- Stored data
____

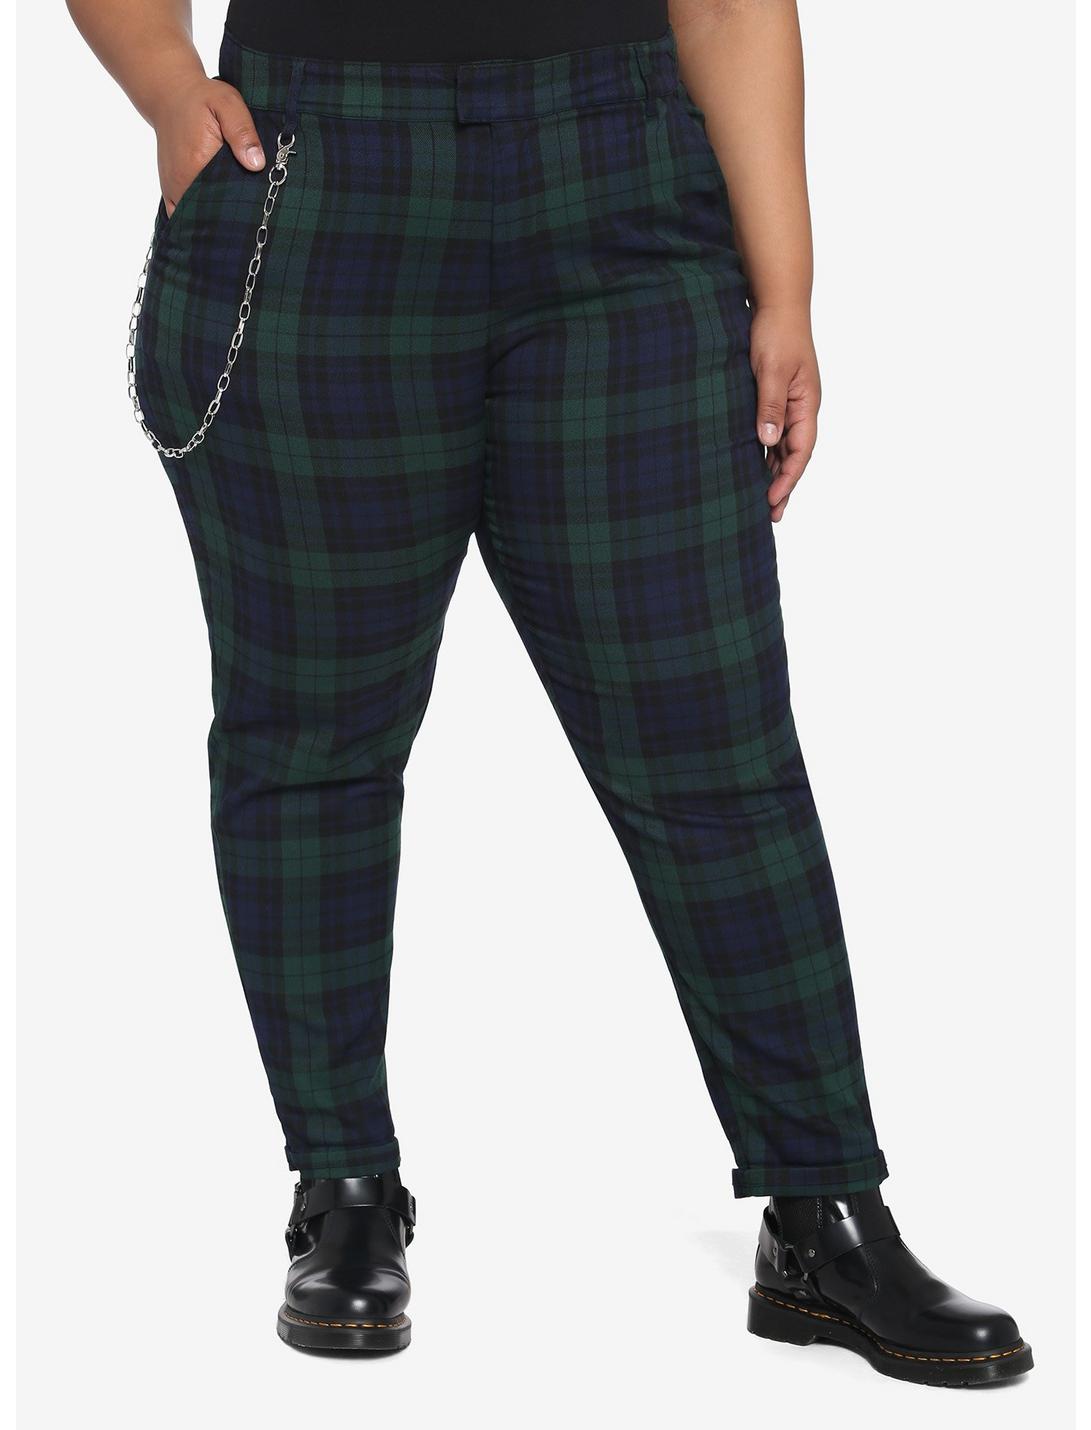 Blue & Green Plaid Pants With Detachable Chain Plus Size, PLAID - GREEN, hi-res
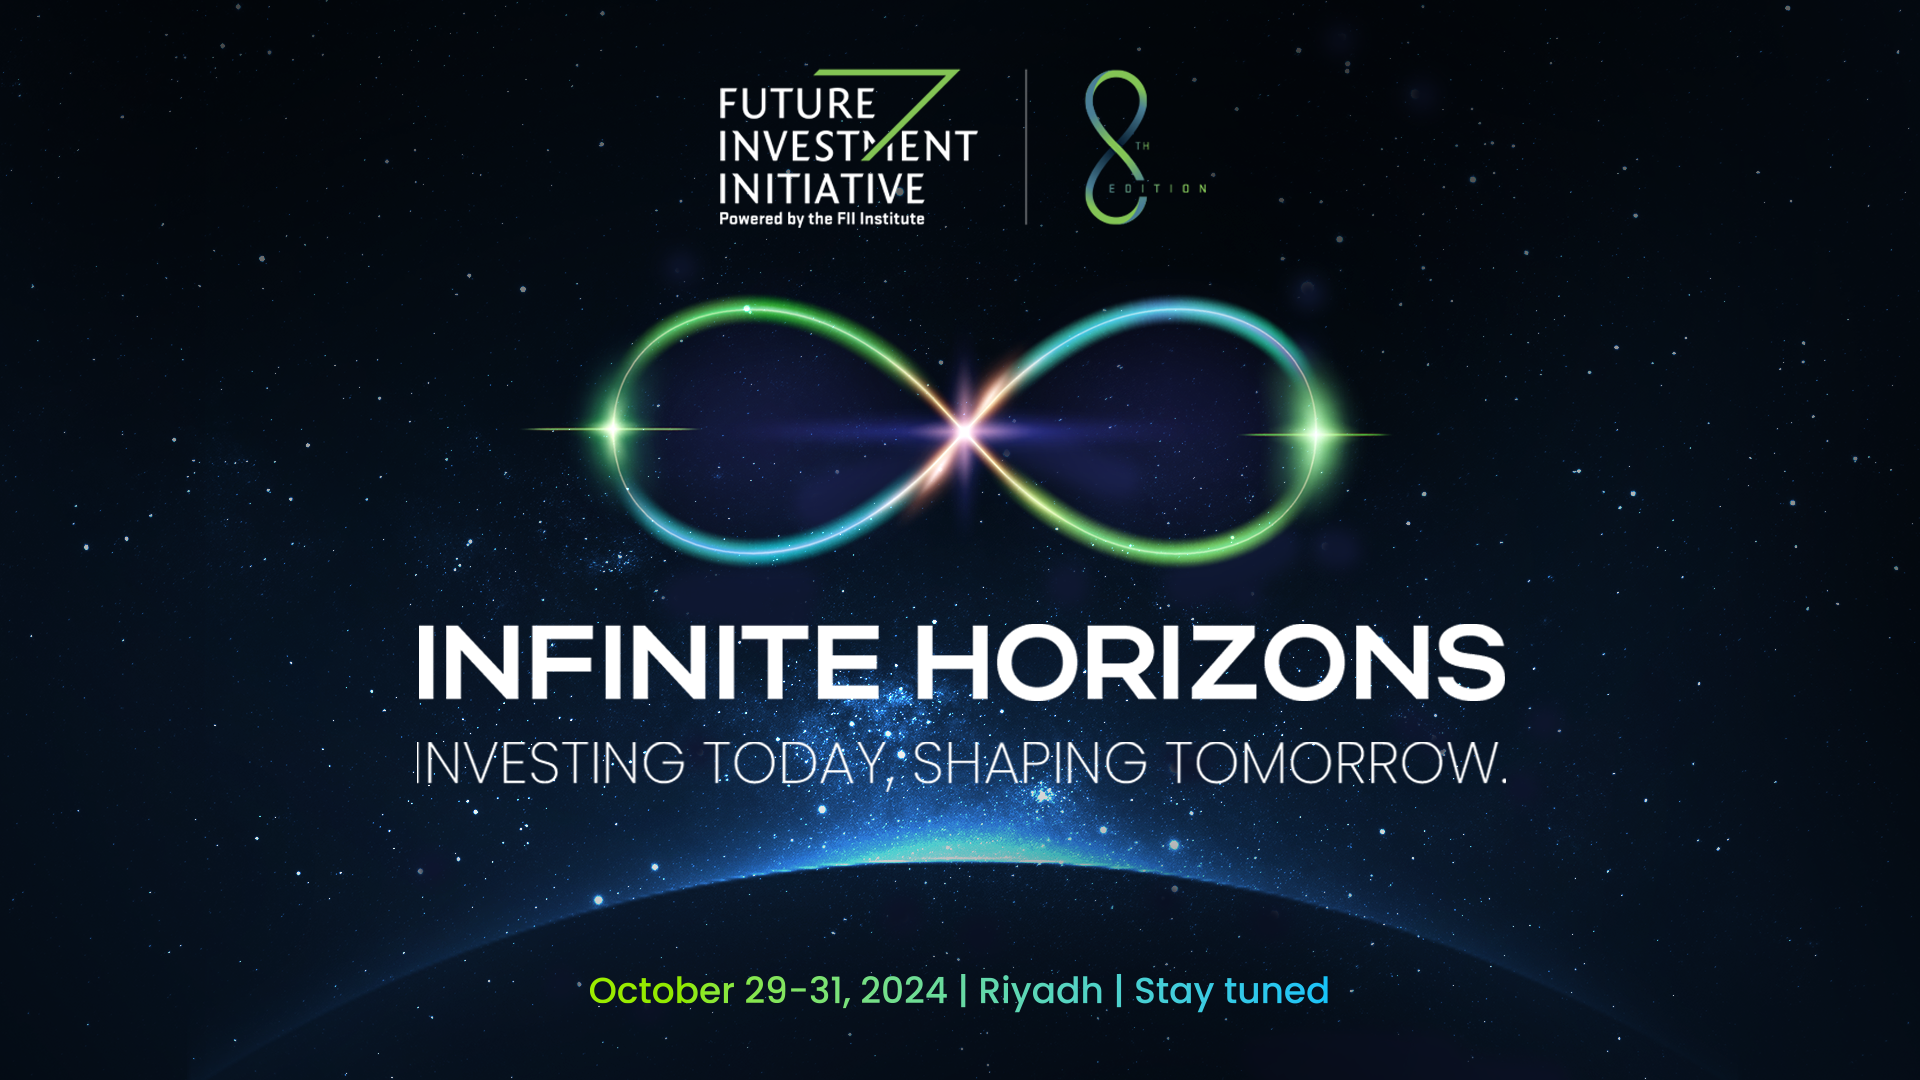 揭示第八届未来投资倡议主题："无限视野：投资今日，塑造明天"
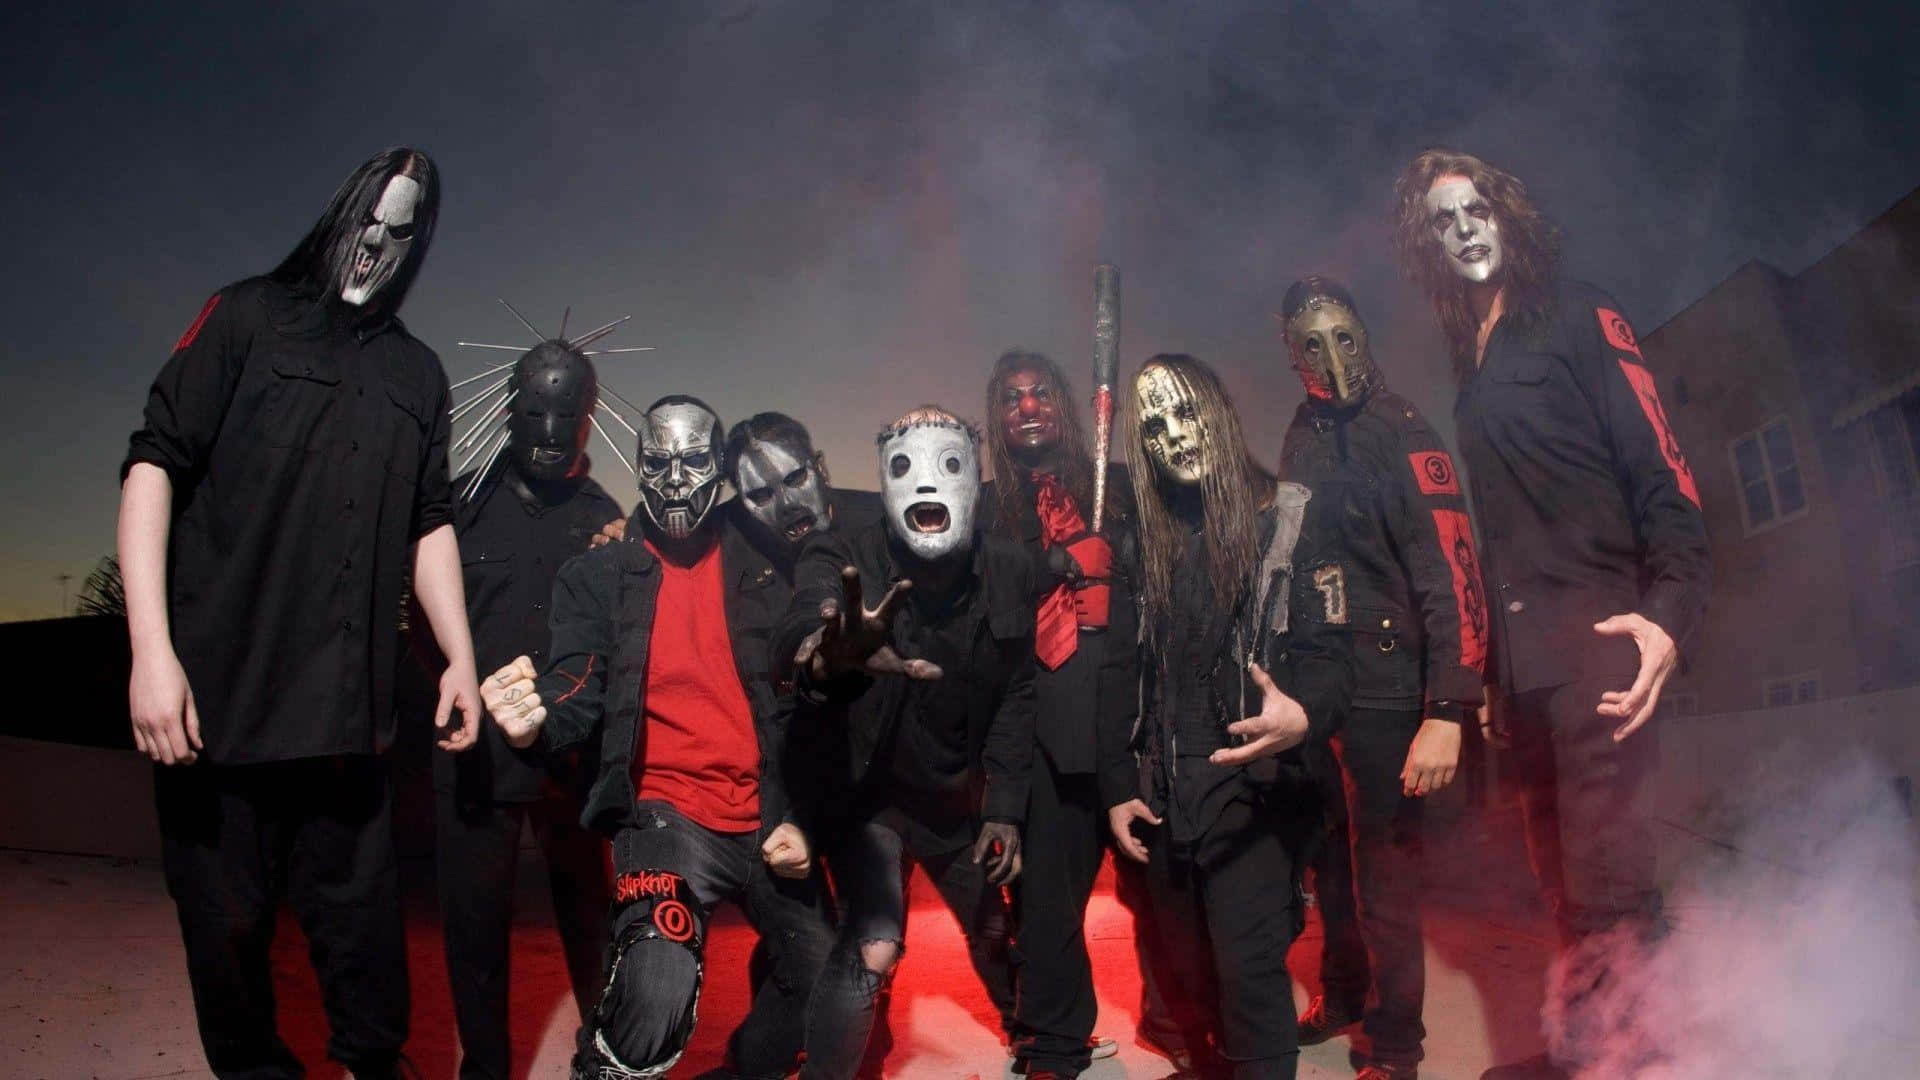 Bandade Heavy Metal Slipknot Vistiendo Ropa Oscura Y Actuando En El Escenario. Fondo de pantalla

____

- Work instructions
Would you reproduce each line of the material exactly, omitting the images?

- Response below
 Blue & Green Plaid Pants With Detachable Chain Plus Size, PLAID - GREEN, hi-res
 揭示第八届未来投资倡议主题："无限视野：投资今日，塑造明天"
 Bandade Heavy Metal Slipknot Vistiendo Ropa Oscura Y Actuando En El Escenario. Fondo de pantalla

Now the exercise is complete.